──────── Given information

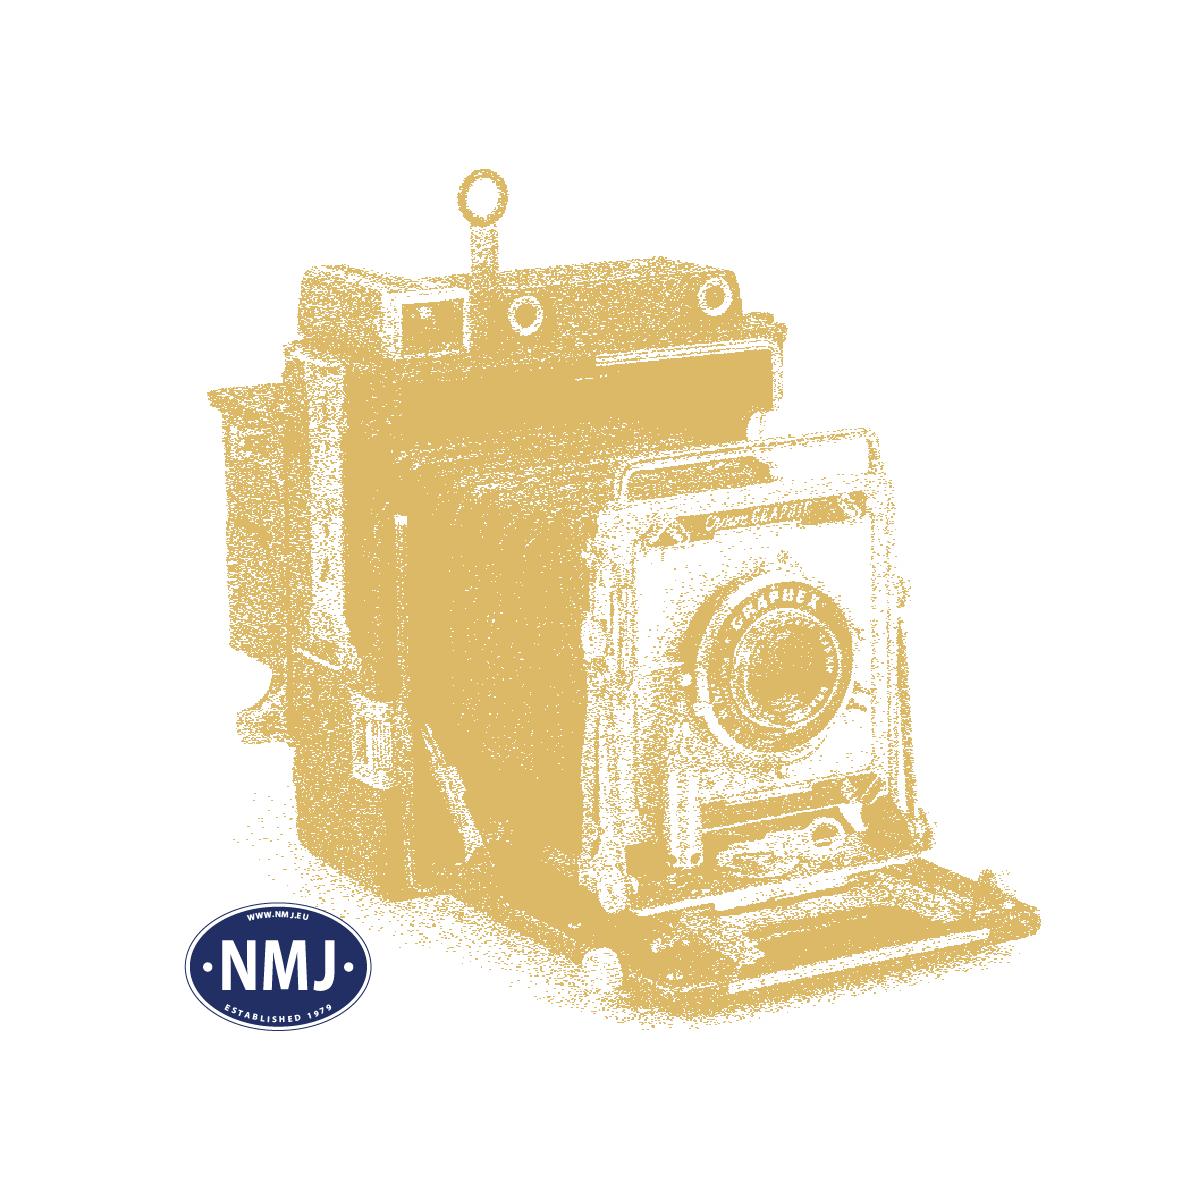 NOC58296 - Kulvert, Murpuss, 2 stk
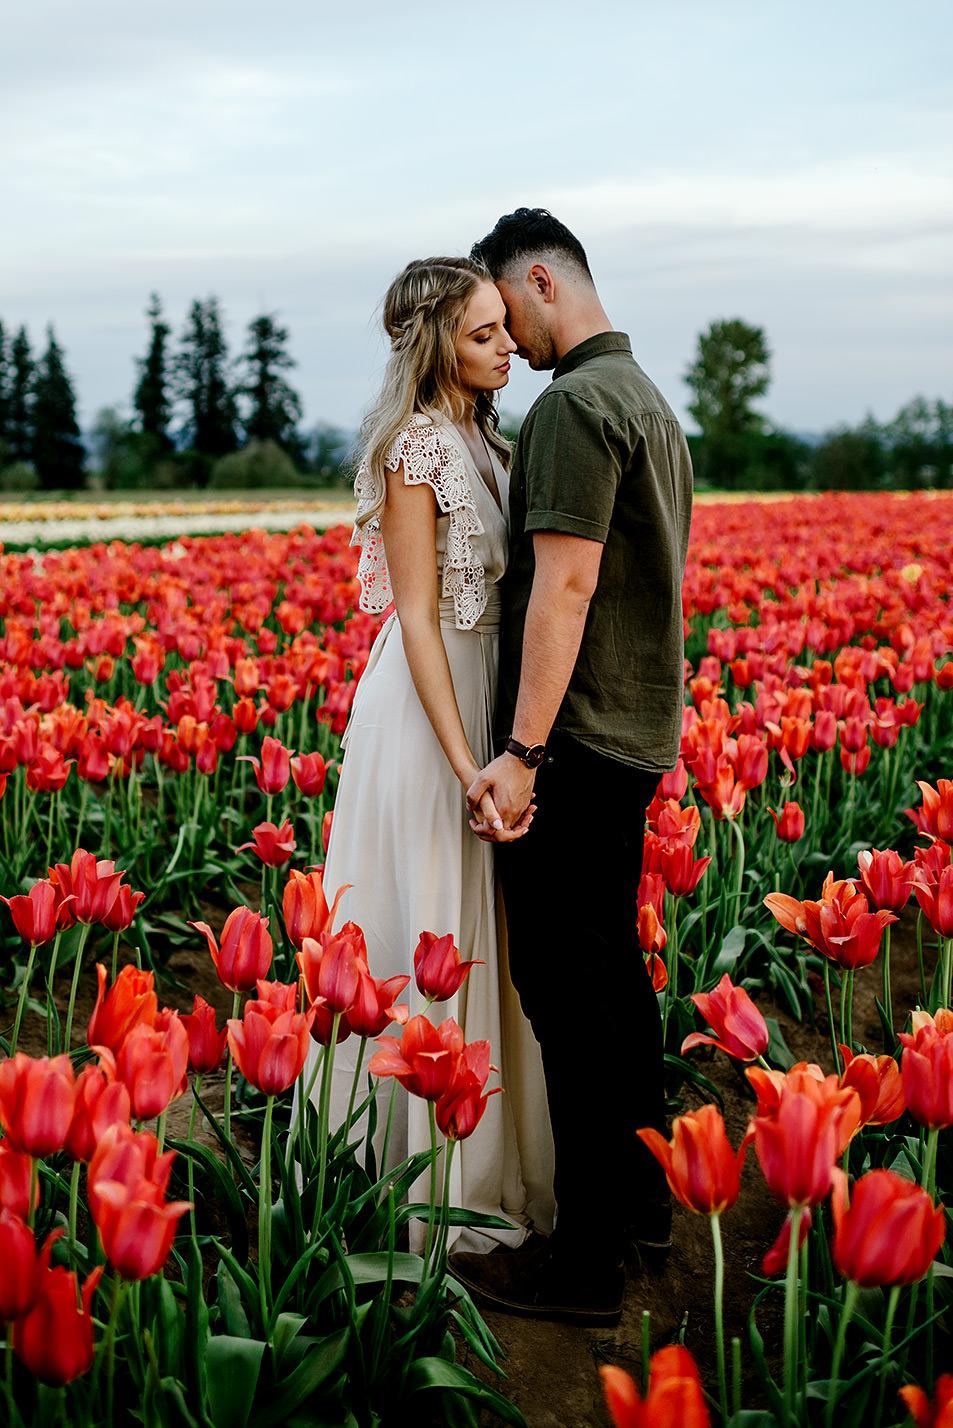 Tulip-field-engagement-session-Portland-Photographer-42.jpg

────────────────
──────── Given information

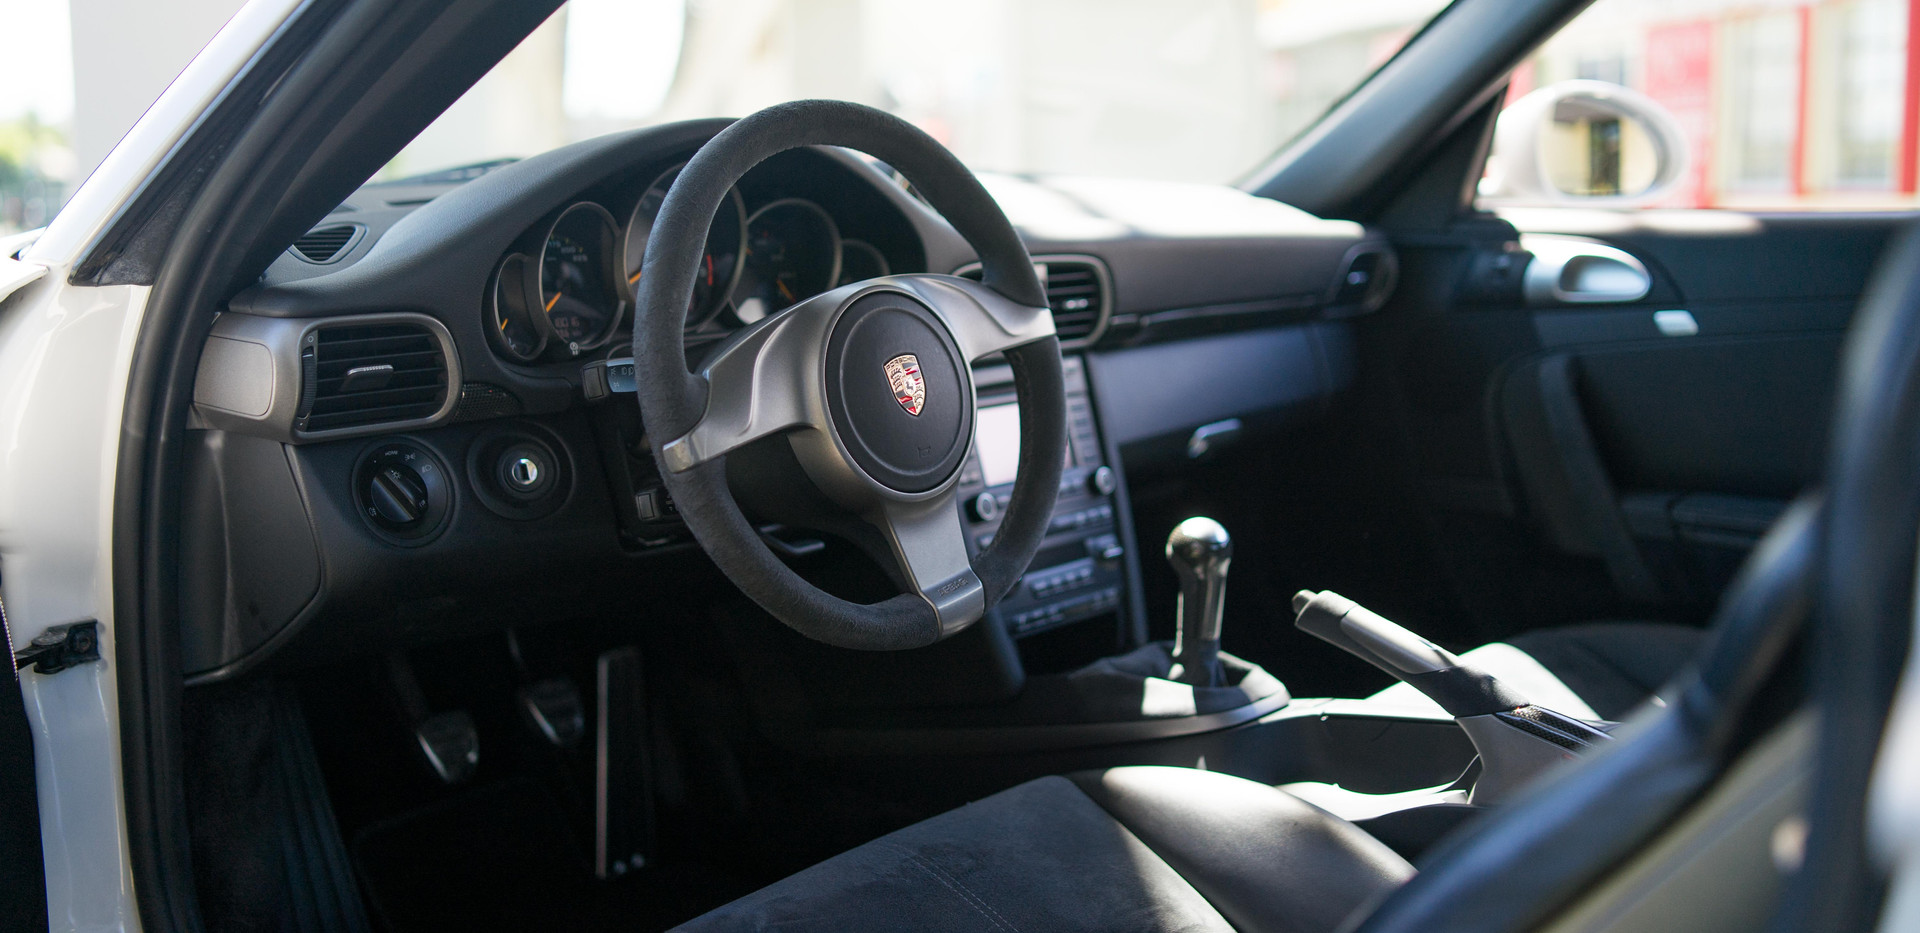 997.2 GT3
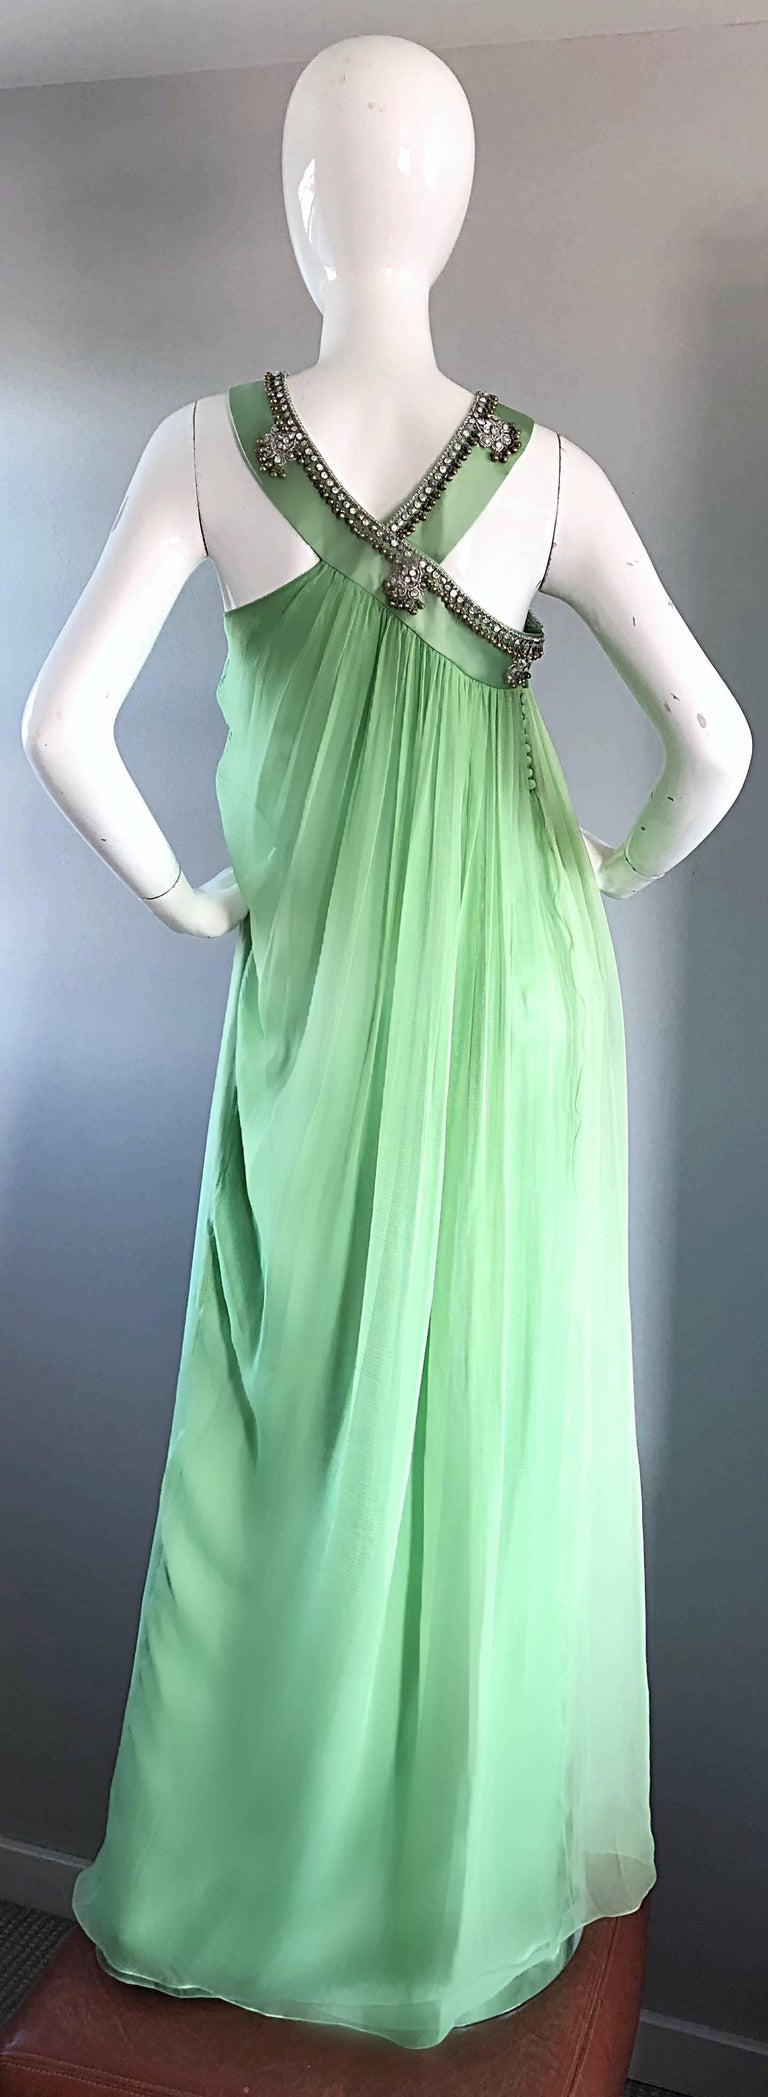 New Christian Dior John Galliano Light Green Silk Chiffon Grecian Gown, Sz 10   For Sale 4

────────────────

▸ **What to work on**:
From the material above, reproduce only what runs from the line holding "NOC58296 - Kulvert, Murpuss, 2 stk" down to the line holding "Tulip-field-engagement-session-Portland-Photographer-42.jpg", both included, pictures excluded.

▸ **Reply to the task**:
 NOC58296 - Kulvert, Murpuss, 2 stk
 Tulip-field-engagement-session-Portland-Photographer-42.jpg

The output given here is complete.